A few years ago, one of Canada's largest telecom operators experienced a massive outage that left millions of people without mobile and internet access for nearly 15 hours. The disruption affected banking, transportation, government services, and more. ATMs and cashless payment systems ground to a halt, and even some emergency services were impacted.
What was the cause?
A simple routing or configuration error in the operator's network triggered a cascade of failures. Specifically, a configuration change in the core network sparked widespread issues, but the network didn't collapse immediately. It wasn't until the problem propagated through the data plane that traffic essentially stopped flowing. The outage created hidden routing loops and packet-forwarding failures that were not apparent in the control-plane signaling.
Telecom engineers had to piece together scattered logs and partial traces, slowing down root cause analysis. While overall traffic plummeted, the exact choke points remained unclear. The operator lacked granular, end-to-end visibility into user plane flows, so they couldn't quickly pinpoint where the failure originated or how it was spreading across routing and forwarding paths. Control plane metrics alone were insufficient to reveal where user data was breaking.
Control Plane Alone Isn't Enough
Had the operator possessed complete, correlated visibility across the user plane, they could have isolated and resolved the issue far faster, minimizing disruption for millions of people. When investigating a network anomaly, the control plane can indicate that the network is "up and running," but it does not show whether customers are actually receiving service as expected.

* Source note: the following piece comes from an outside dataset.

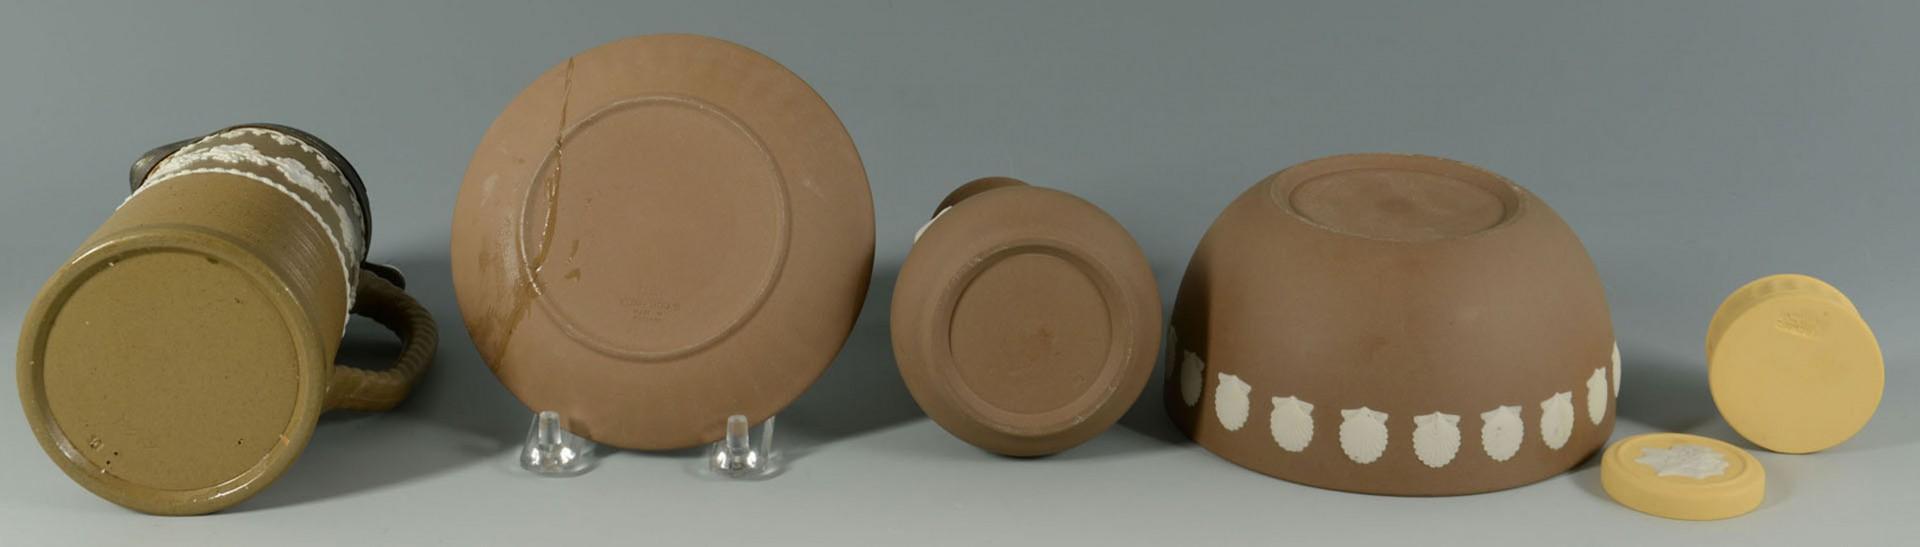 Lot 2872336: Lot of 19th c. English ceramics: lustre, creamware

A GSMA survey, conducted in partnership with RADCOM, found that only 41% of operators have an end-to-end architecture that integrates data across all departments. That means nearly 59% of operators lack the complete, correlated visibility required to quickly isolate and resolve critical issues, leaving both networks and customers vulnerable.
Agentic Al Missing the Mark
This gap becomes even more critical as operators accelerate the adoption of agentic Al across their networks. Unlike traditional Al or ML, agentic Al and Al agents can detect issues, prioritize what matters, decide on actions, and even trigger remediation. However, agentic Al needs to be grounded in truth, not assumptions or approximations. When deciding what problems to fix first, for example, without user-plane data, the Al might only see generic signals like "packet loss detected" or "cell utilization at 65%". It will not understand the real impact, such as "Netflix streaming degraded at 21:04."
Real-time, accurate, and granular user-plane data, correlated with the control plane, enables Al agents to understand that a generic "packet loss" is actually affecting something specific, such as "video traffic on a particular UPF path." With only control plane data, the Al can see that sessions exist, but it cannot determine whether those sessions delivered a satisfactory customer experience.
Agentic Al promises to reduce churn and enhance the customer journey. However, without connecting the (essential) dots, it risks becoming just another overhyped technology, rather than driving a true shift in user experience. Without accurate, reliable, and granular user-plane data, agentic Al is left to optimize the network based on KPls that overlook real customer pain points, potentially automating the wrong fixes. By leveraging user-plane data, Al agents can measure app-level quality of experience, identify SLA violations, and track session drops on a per-call basis, turning raw data into actionable insights that directly improve customer satisfaction.
Intelligence Assurance: From Blind Spots to Full Visibility
RADCOM's Al-native assurance provides end-to-end network visibility by correlating deep user plane insights, behavior, usage patterns, and service interactions with control-plane data. The solution, which provides data capture at bandwidths reaching up to 800 Gbps on a single server, captures 100% of network traffic on the user plane in real time. This offers a unified, actionable view and lays the data foundation for Al-driven and agentic networks.
With deep insights and predictive reasoning, these Al-driven capabilities can optimize network operations, anticipate anomalies, and proactively enhance customer experience.
In today's Al-driven era, with operators able to leverage vast amounts of customer data, expectations for exceptional service have never been higher. Delivering a truly optimal customer experience requires complete visibility across the RAN and core, spanning both the control and user planes. Without this granular insight, deploying agentic Al is like jumping into the deep end before learning to swim. Ignoring the impact of anomalies on the user plane leaves Al "flying blind," costing operators customer loyalty, retention, and valuable time.